Couple of years ago, animal control shot two yotes on clevelands burke lake front airport
in medina, ive seen scat in my yard, tracks in the snow and hear them in the morning
so invasive are they already one of the most effective calls in urban areas are cat bells and stuffed cat looking decoys in the open while hunters hide in ground blinds.
bounties just dont work
99% of all hunters I know acknowledge the problem, but do not spend ONE minute trying to kill one outside their normal hunts
wicked smart, elusive i've only killed four while hunting predators in ohio
bring fur prices back up and zing, problem solved, otherwise......they are here to stay


----------



## Fish-N-Fool (Apr 12, 2004)

Impossible for hunters to make any difference.

If you are serious about reducing the coyote population on your land now is the time to talk to a good canine trapper. Find one you can trust, show him your property boundries and discuss the other details (where to park, timing, etc.). A good trapper will make a difference in your immediate area. They can harvest more dogs in a single season than you could kill hunting the same land for many years. 

He won't want to trap the coyotes until the fur is primed up.....later in the year. This is the hang up for most deer hunters. The trapper will want to trap during deer season when the fur is good and before it gets rubbed up in late winter. Many deer hunters don't want to allow a trapper on the hunting grounds.

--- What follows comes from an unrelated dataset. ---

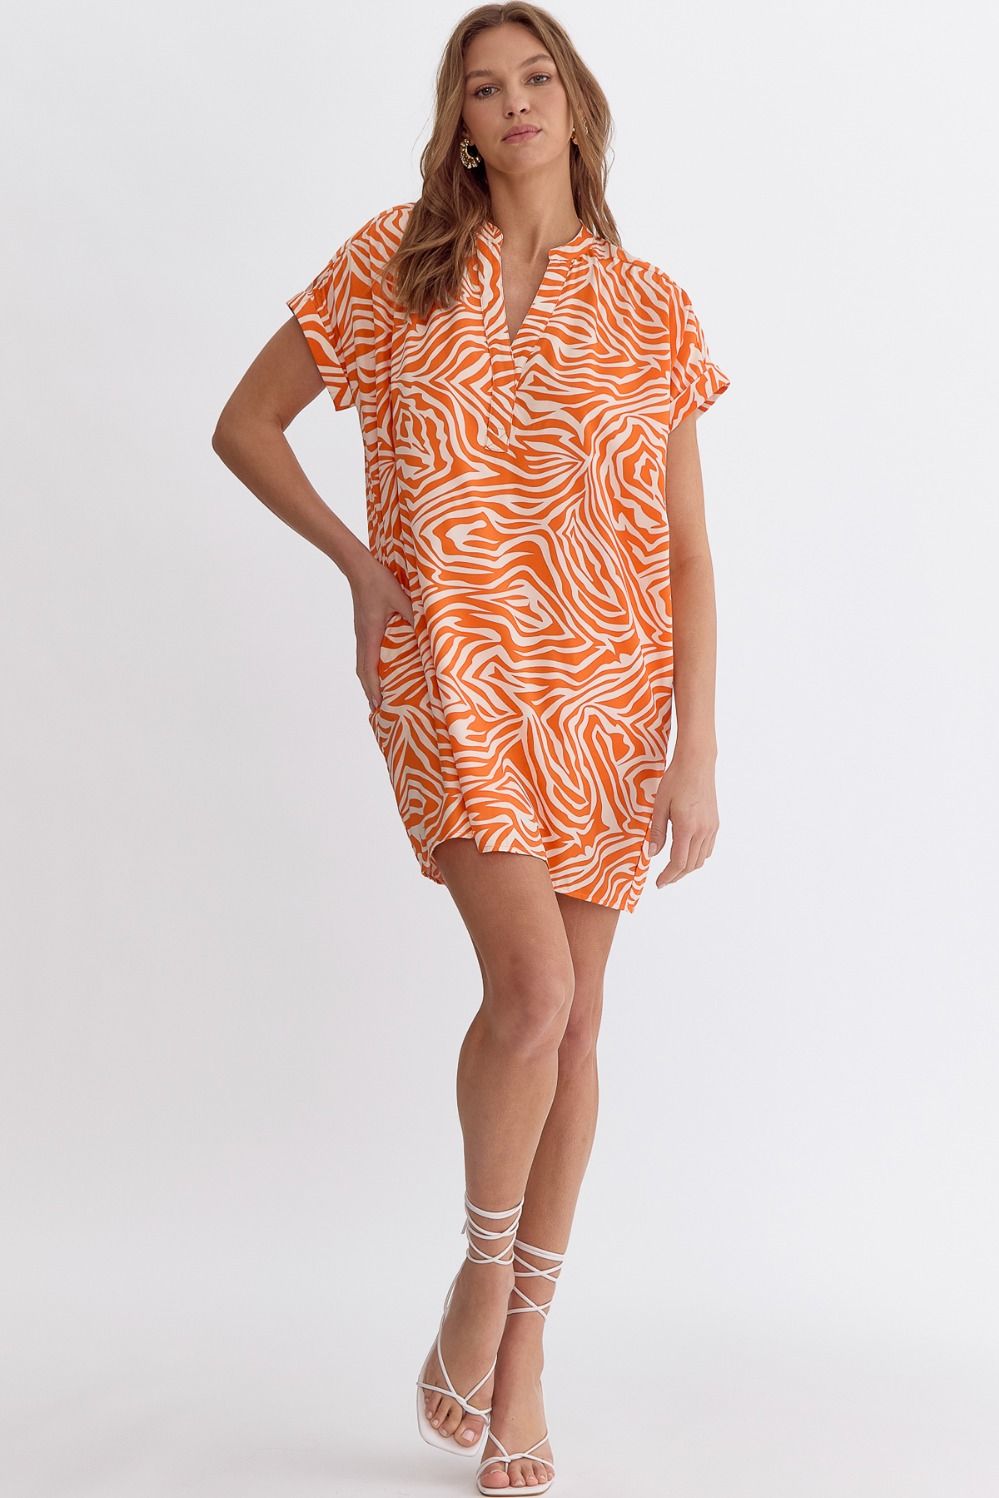 Orange Zebra Print Dress

I have found a good trapper can share the property and run his business while deer hunters are around. I have sat and watched a trapper work a property many times from my treestand in one of the best hunting places I ever hunted. At first I wasn't thrilled about it - but he was there first. After observing him do his work from my perch and it seemingly having little to no impact on the bow hunting he taught me this lesson. I also asked him about the deer movement and where I should hunt.....and he proved very helpful from his experience.


----------



## Scorpio V (Aug 23, 2013)

I do control work on 2 Farms without impact to hunters. But impact to the coyotes. Always looking for a place to remove the guys. Love to trap them and will all year where I can.


----------



## T-180 (Oct 18, 2005)

Yote hides aren't so valuable that most concerned trappers would not trap until November. I'll take them anytime, anywhere. Unless it's a fairly large, classic colored animal, they're not really worth all the work it takes. Had 15 of them put up 4 years ago & averaged $6/ hide. They spike up in price once in a while, but not much.
F-n-f is correct that a good trapper can take more in a year than a hunter in 5.


----------



## BASSINaDL (Aug 24, 2010)

We go up to canada to sell our yotes. Some years you can get $35 for a large one with a nice primed coat. And $20 for a good one. We wont make the trip unless we get over 20. Also nice to have some fox and some otter pelts.


----------



## basshunter12 (Dec 2, 2010)

The guy that I sell my green hides to the past two years has gave me between 20-75 for green pelts average has been about $50. And most werent real big either 


Posted using Outdoor Hub Campfire


----------



## T-180 (Oct 18, 2005)

basshunter, are you being serious ??!! If so, I need the guy's number as he's paying 3-5 times what everyone else is paying.


----------



## basshunter12 (Dec 2, 2010)

He's in new concord I don't have a number for him 


Posted using Outdoor Hub Campfire


----------



## T-180 (Oct 18, 2005)

Name possibly or location ?? A guy that pays that is harder to find than a sqatch !!


----------



## Skippy (Dec 2, 2009)

I'd like to even average 40 to 50 dollars for a good put up coyote hide.


----------



## T-180 (Oct 18, 2005)

I'm with you skippy !!!! Still waiting on info as I've heard these comments from other people & they don't pan out.


----------



## krustymc223 (Jul 19, 2009)

. . . I agree with you T-180 !! . . .


----------



## T-180 (Oct 18, 2005)

Thanks, thought I was just being an old skeptic, but it's happened for years


----------



## C J Hughes (Jan 24, 2006)

I have never heard of anyone driving upto Canada to sell their furs never. I have shipped thousands of hides to Canada but never ever drove them .I do know of some dealers who drove up tens of thousands of dollars worth of fur. The last yote hides I sent the best went for 20 bucks some 2 bucks. I will never skin another yote no matter how pretty I think he is to much work for little cash reward. Snares are the way to control your yotes.


----------



## Khersh88 (Aug 20, 2011)

Hey guys I need some ideas to get the coyotes called in. Ive got them to howl back but have not been able to get them to show theyre face. I sit in an opening in the woods where our deer food plot is and use a locator call and had one group very close and hit it agin and nothing so tried rabbit distress and mouse squeaker. But nothing. As I was typing this acually I thought maybe if I stay in the woods in a treestand I'll be able to see one and try out my 308. Hmm any ideas?


----------



## FlashGordon (Mar 19, 2014)

C J Hughes said:


> I have never heard of anyone driving upto Canada to sell their furs never. I have shipped thousands of hides to Canada but never ever drove them .I do know of some dealers who drove up tens of thousands of dollars worth of fur. The last yote hides I sent the best went for 20 bucks some 2 bucks. I will never skin another yote no matter how pretty I think he is to much work for little cash reward. Snares are the way to control your yotes.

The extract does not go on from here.